Ad Widget

Collapse

Active checks and proxies periodically all go offline...

Collapse
X
 
  • Time
  • Show
Clear All
new posts
  • Jason
    Senior Member
    • Nov 2007
    • 430

    #1

    Active checks and proxies periodically all go offline...

    We've got a CentOS 7 front end zabbix server running Zabbix 2.4.8 with a postgres database running on a CentOS 6 server. The zabbix database is ~330GB for 30 days worth of data for ~800hosts.

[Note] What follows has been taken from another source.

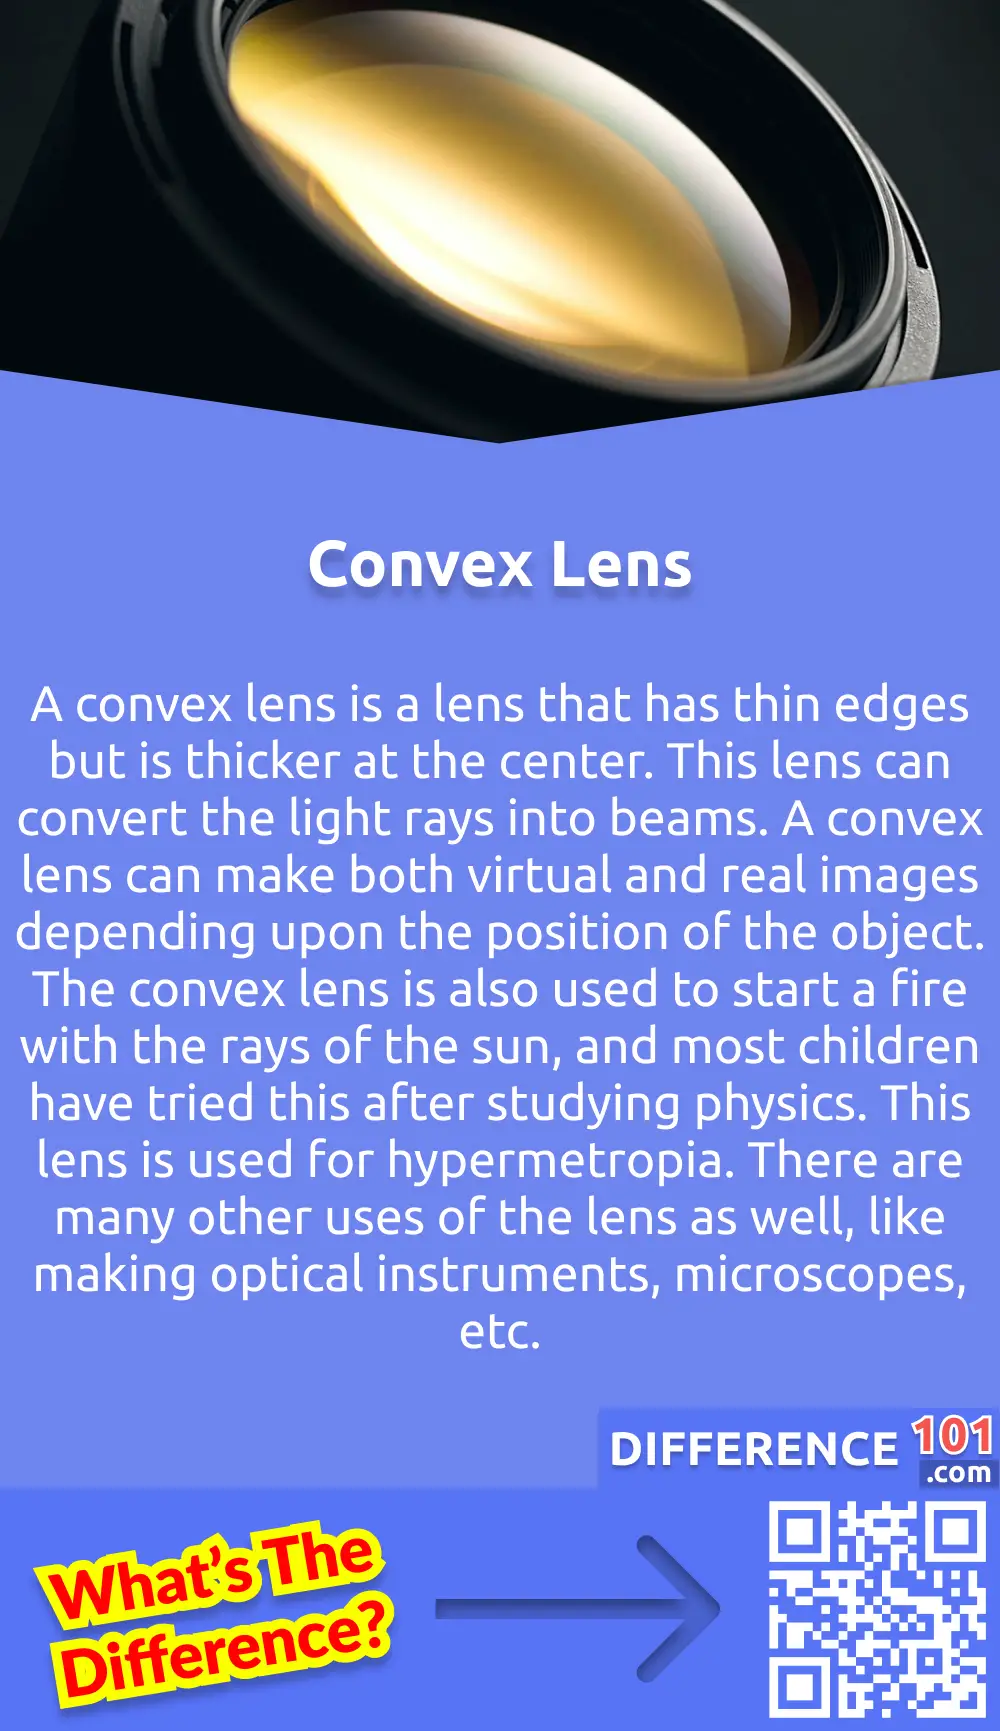 What are Convex Lens? A convex lens is a lens that has thin edges but is thicker at the center. This lens can convert the light rays into beams. A convex lens can make both virtual and real images depending upon the position of the object. The convex lens is also used to start a fire with the rays of the sun, and most children have tried this after studying physics. This lens is used for hypermetropia. There are many other uses of the lens as well, like making optical instruments, microscopes, etc.

    Periodically of the active agents and proxies drop offline for anything from 15 minutes to over an hour. Attached is an uptime graph showing 1 outage from tonight.

    Passive checks are still collected and there are no gaps in that data.

    All of the storage is on fast 15K SAS disks and all the monitoring I have show that latency is low.

    I thought it could be network related, but some of the hosts that are dropping offline are on the local network with the zabbix server and connect by IP address. There is a firewall rule on the host allowing all traffic in without restriction on the zabbix server port.

    There is nothing untoward showing up the zabbix-server log during these outages.

    Any thoughts on possible causes?
    Attached Files
  • batchenr
    Senior Member
    • Sep 2016
    • 440

    #2
    Originally posted by Jason
    We've got a CentOS 7 front end zabbix server running Zabbix 2.4.8 with a postgres database running on a CentOS 6 server. The zabbix database is ~330GB for 30 days worth of data for ~800hosts.

    Periodically of the active agents and proxies drop offline for anything from 15 minutes to over an hour. Attached is an uptime graph showing 1 outage from tonight.

    Passive checks are still collected and there are no gaps in that data.

    All of the storage is on fast 15K SAS disks and all the monitoring I have show that latency is low.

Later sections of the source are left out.